Diceva un non particolarmente famoso cronachista del tempo della rivoluzione russa che il mattino seguente la presa del potere da parte dei bolscevichi (e quindi in parole povere l’inizio di quella che prenderà il nome di Unione Sovietica) il cittadino di Pietroburgo si svegliò ignaro di quanto era successo la notte precedente. Le cose non apparivano diverse dal giorno prima, i giornali erano usciti comunque e riportavano le notizie che sarebbero dovute essere, con i padroni del giorno prima che a caratteri cubitali si lamentavano delle malefatte di coloro che erano diventati padroni quella notte stessa. Con un ultimo, disperato, colpo di coda il mondo antico si faceva beffe del nuovo, delle cesure della storia, del sol dell’avvenir. Eppure il cittadino di Pietroburgo, giunto in prossimità del palazzo d’Inverno appena espugnato, deve aver avvertito che qualcosa, nel cuore della madre Russia, era cambiato per sempre. O forse no, forse ha solamente respirato forte e l’aria fredda del Baltico una volta entrata è anche uscita. Sì, ma solo in parte.
Qualcosa spezzò la continuità della linea di luce sotto la porta della camera. Un’ombra. Lì dietro, fermo, c’era qualcuno. Eccola la sveglia, quindi. E invece l’ombra si spostò silenziosa sulla sinistra. Attese ancora un attimo e scomparve silenziosa come era apparsa. Ancora niente. Va bene il primo dell’anno, va bene essere andato a letto un po’ più tardi del solito, ma che novità era mai quella? Mi sedetti sul letto. Il led rosso del televisore. Qualche forma conosciuta iniziò a rivelarsi nel buio della stanza: la scrivania, la sedia, il Nintendo. Inutile fare bei respiri lunghi, quel senso opprimente allo sterno sarebbe aumentato. Ma che era poi? Per un attimo pensai di sdraiarmi nuovamente. No, questo sarebbe stato davvero troppo. Il giorno nuovo. L’anno nuovo.
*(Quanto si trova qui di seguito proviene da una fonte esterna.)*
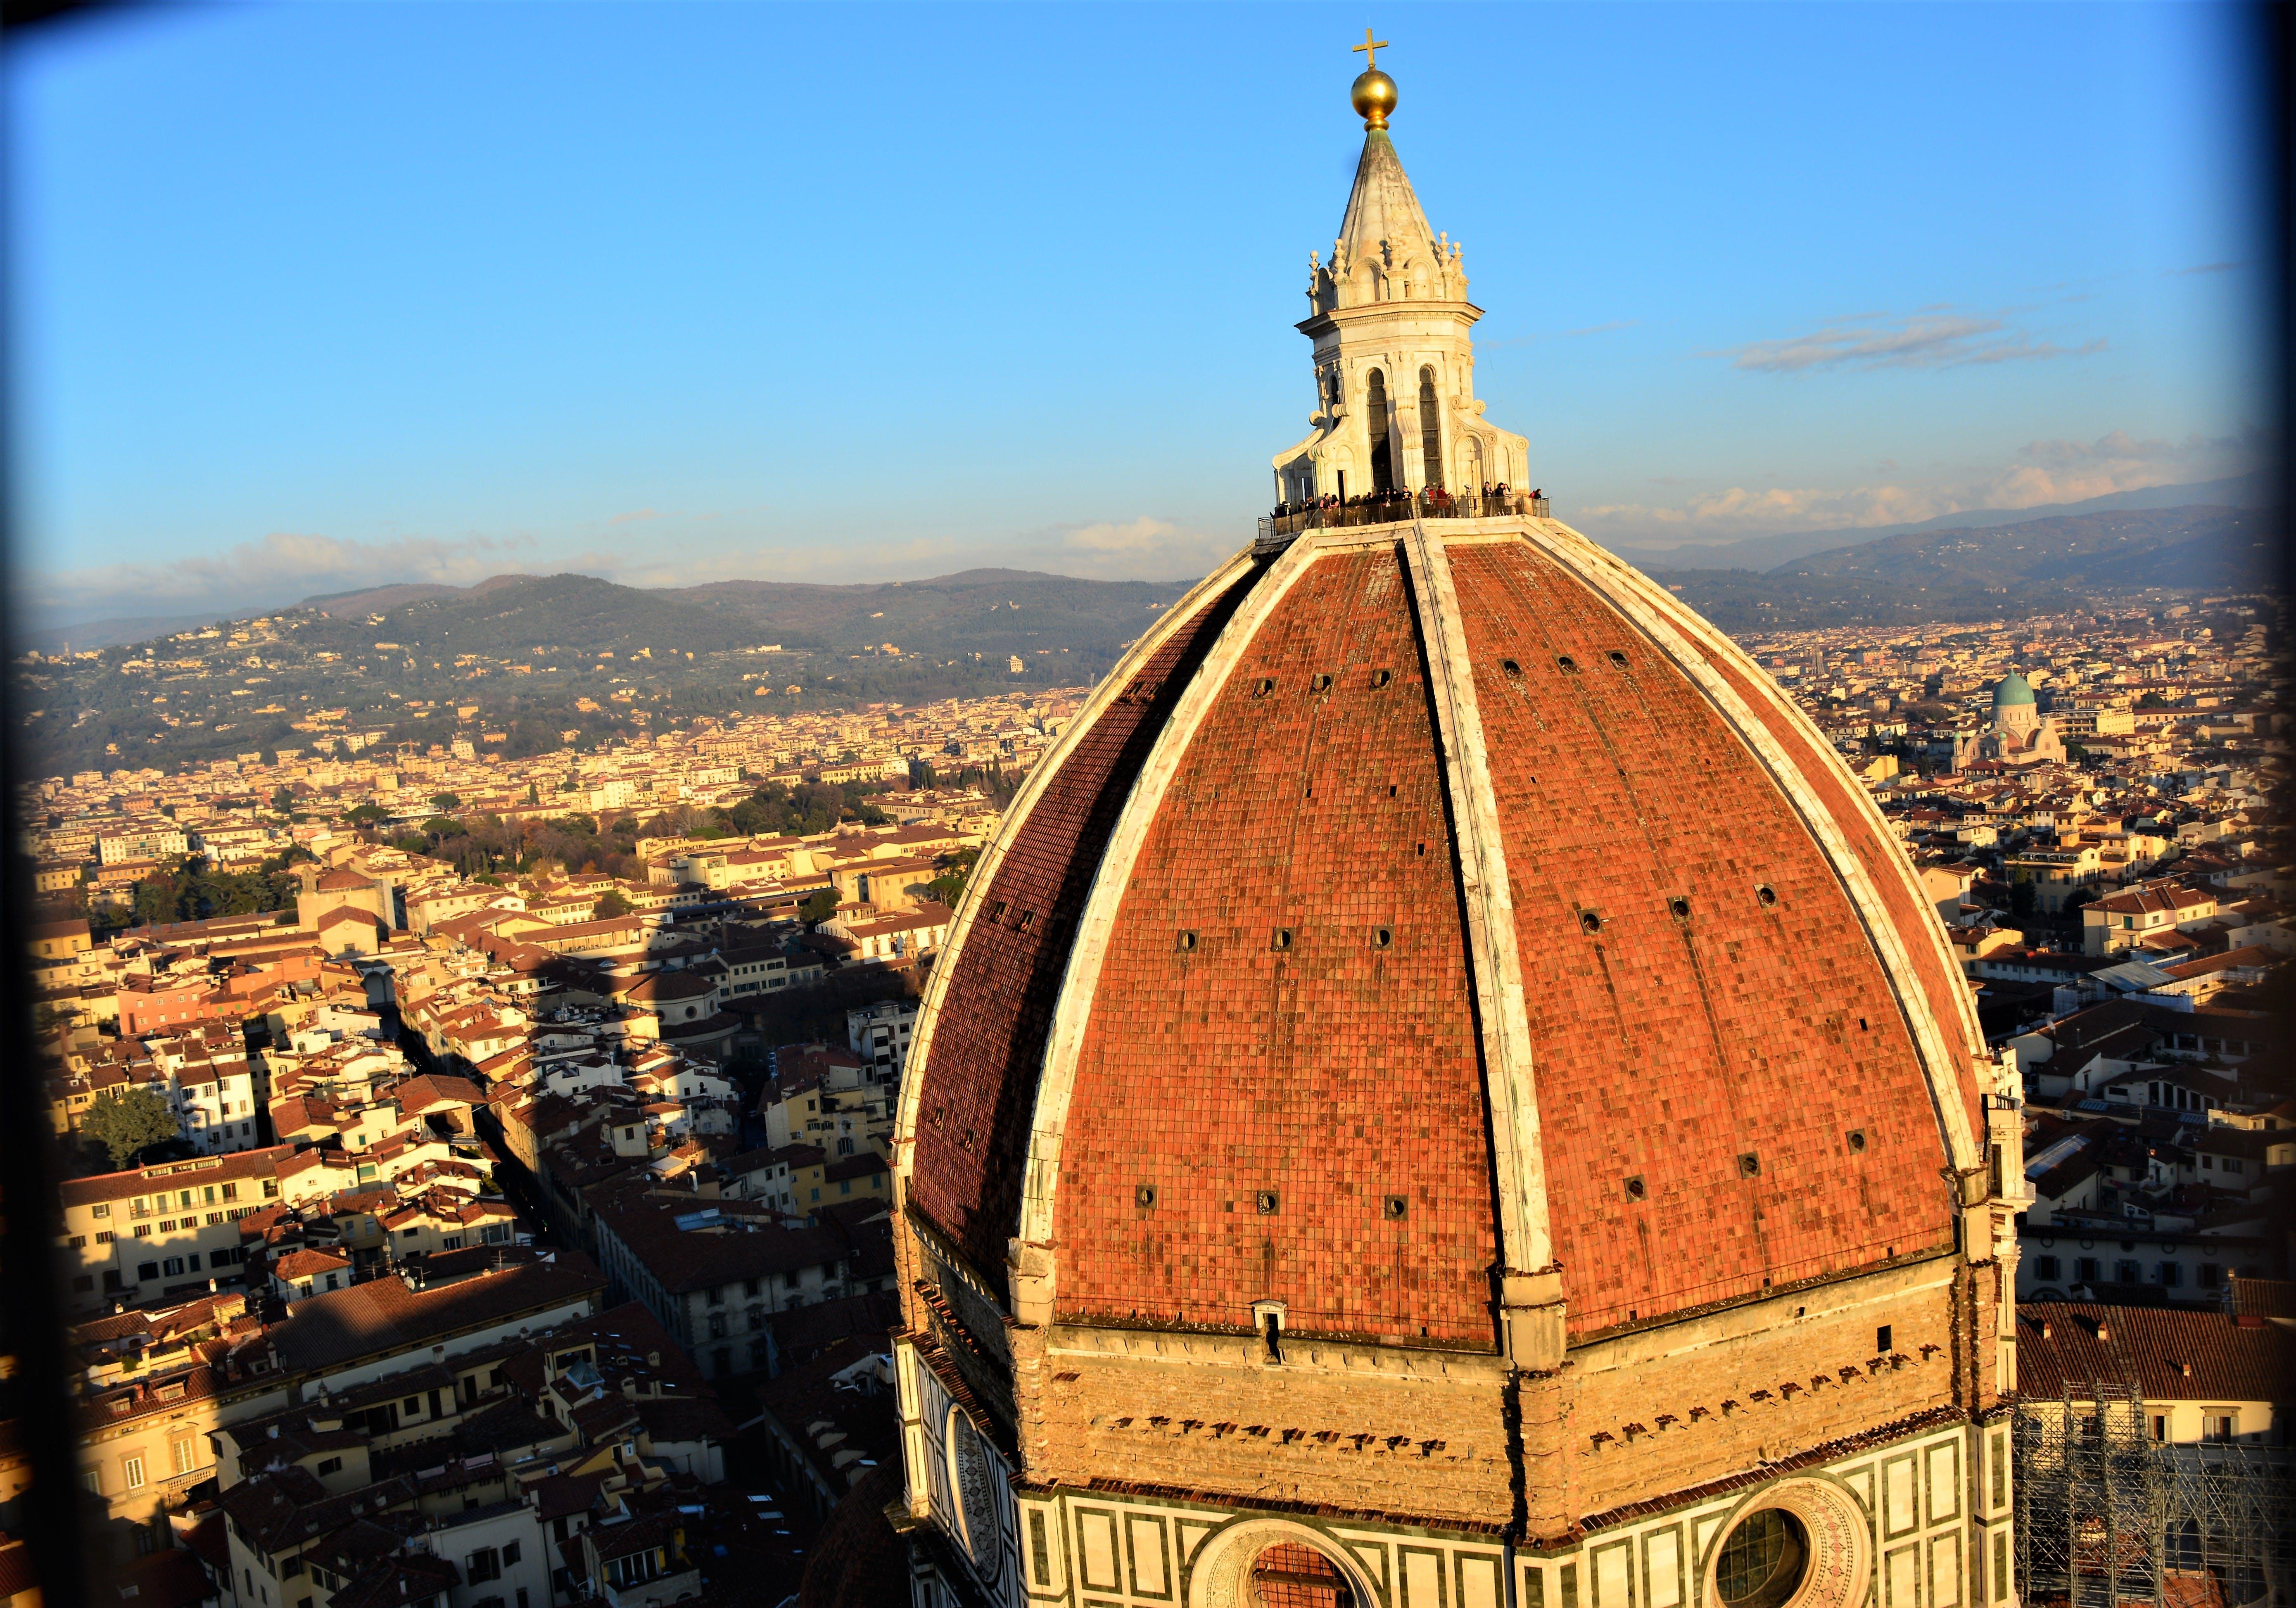 Gratis lagerfoto af firenze, florence katedral, kuppel

Però, suvvia, sdraiarsi nuovamente no.
Un famoso storico italiano parlò della fine dell’impero Romano come di una “caduta senza rumore”. Nel senso che un mastodonte di oltre mille anni si era schiantato a terra un giorno di settembre del 476 senza che nessuno, in pratica, se ne fosse accorto. Malato, certo, ma pur sempre Impero. E tuttavia nessuno aveva gridato allo scandalo per quel gesto di Odoacre, che spedendo le insegne imperiali a Costantinopoli sancì quello che ormai sapevano tutti: di gagliardetti e porpore, a Roma come a Ravenna, non c’era più bisogno. Ma vedendo arrivare nel Bosforo quelle insegne gloriose, io credo qualcuno deve aver sentito una grande stretta al petto. Perché cambiare occorre, ma che sofferenza. Perché di imperatori anche basta, però con calma. Ancora uno si può?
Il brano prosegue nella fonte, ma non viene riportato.